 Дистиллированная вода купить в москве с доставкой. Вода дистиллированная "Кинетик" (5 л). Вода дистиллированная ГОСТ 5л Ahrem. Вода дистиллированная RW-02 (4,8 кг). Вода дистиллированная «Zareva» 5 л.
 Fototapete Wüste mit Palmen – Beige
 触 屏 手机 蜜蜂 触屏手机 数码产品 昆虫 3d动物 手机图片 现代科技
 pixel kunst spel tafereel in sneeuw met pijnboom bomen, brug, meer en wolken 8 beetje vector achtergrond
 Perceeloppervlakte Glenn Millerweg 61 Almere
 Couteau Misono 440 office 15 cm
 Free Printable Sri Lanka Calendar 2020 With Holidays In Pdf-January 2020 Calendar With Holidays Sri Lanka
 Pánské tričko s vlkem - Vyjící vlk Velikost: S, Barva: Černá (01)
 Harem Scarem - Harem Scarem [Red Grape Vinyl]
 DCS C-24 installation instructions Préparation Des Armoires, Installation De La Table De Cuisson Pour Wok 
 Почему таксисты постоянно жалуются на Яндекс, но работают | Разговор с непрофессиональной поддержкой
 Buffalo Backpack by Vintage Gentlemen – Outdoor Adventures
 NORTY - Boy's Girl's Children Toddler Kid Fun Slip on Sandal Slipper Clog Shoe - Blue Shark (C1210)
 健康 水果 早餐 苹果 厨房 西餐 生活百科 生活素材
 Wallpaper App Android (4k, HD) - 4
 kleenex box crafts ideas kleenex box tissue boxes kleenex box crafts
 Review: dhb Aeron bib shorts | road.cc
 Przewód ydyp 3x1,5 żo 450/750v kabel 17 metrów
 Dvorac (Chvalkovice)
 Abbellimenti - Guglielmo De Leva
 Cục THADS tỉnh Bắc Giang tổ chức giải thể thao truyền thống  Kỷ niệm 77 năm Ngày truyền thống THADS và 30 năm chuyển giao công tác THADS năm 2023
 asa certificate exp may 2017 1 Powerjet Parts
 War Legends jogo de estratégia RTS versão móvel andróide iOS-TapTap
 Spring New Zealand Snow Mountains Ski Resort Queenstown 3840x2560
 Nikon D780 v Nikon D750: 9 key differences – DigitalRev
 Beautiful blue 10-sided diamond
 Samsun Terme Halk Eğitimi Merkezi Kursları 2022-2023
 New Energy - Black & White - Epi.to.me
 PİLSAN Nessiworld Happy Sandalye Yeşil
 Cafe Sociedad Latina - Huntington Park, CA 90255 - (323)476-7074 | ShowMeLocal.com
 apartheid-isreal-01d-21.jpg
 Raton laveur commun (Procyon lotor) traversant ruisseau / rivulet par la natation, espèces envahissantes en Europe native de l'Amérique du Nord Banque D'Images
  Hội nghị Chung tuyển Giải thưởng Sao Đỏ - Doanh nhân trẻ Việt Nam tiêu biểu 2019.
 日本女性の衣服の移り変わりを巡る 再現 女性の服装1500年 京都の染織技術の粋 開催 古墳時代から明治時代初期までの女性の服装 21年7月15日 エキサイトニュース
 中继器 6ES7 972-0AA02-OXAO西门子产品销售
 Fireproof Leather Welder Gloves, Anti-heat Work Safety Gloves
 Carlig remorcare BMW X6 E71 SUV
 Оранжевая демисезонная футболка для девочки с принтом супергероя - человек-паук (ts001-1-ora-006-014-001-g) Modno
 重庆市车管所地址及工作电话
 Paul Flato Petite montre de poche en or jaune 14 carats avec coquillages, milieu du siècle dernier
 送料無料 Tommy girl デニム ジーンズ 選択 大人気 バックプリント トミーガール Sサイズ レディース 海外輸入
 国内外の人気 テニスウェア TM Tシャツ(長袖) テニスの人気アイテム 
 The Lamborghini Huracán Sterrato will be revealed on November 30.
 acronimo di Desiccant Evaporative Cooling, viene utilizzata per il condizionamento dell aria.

— EXERCISE REQUIREMENTS —
Begin with the line that has "pixel kunst spel" in the listing above and end after the line that has "Spring New Zealand"; output those lines exactly.

— TASK RESULT —
 pixel kunst spel tafereel in sneeuw met pijnboom bomen, brug, meer en wolken 8 beetje vector achtergrond
 Perceeloppervlakte Glenn Millerweg 61 Almere
 Couteau Misono 440 office 15 cm
 Free Printable Sri Lanka Calendar 2020 With Holidays In Pdf-January 2020 Calendar With Holidays Sri Lanka
 Pánské tričko s vlkem - Vyjící vlk Velikost: S, Barva: Černá (01)
 Harem Scarem - Harem Scarem [Red Grape Vinyl]
 DCS C-24 installation instructions Préparation Des Armoires, Installation De La Table De Cuisson Pour Wok 
 Почему таксисты постоянно жалуются на Яндекс, но работают | Разговор с непрофессиональной поддержкой
 Buffalo Backpack by Vintage Gentlemen – Outdoor Adventures
 NORTY - Boy's Girl's Children Toddler Kid Fun Slip on Sandal Slipper Clog Shoe - Blue Shark (C1210)
 健康 水果 早餐 苹果 厨房 西餐 生活百科 生活素材
 Wallpaper App Android (4k, HD) - 4
 kleenex box crafts ideas kleenex box tissue boxes kleenex box crafts
 Review: dhb Aeron bib shorts | road.cc
 Przewód ydyp 3x1,5 żo 450/750v kabel 17 metrów
 Dvorac (Chvalkovice)
 Abbellimenti - Guglielmo De Leva
 Cục THADS tỉnh Bắc Giang tổ chức giải thể thao truyền thống  Kỷ niệm 77 năm Ngày truyền thống THADS và 30 năm chuyển giao công tác THADS năm 2023
 asa certificate exp may 2017 1 Powerjet Parts
 War Legends jogo de estratégia RTS versão móvel andróide iOS-TapTap
 Spring New Zealand Snow Mountains Ski Resort Queenstown 3840x2560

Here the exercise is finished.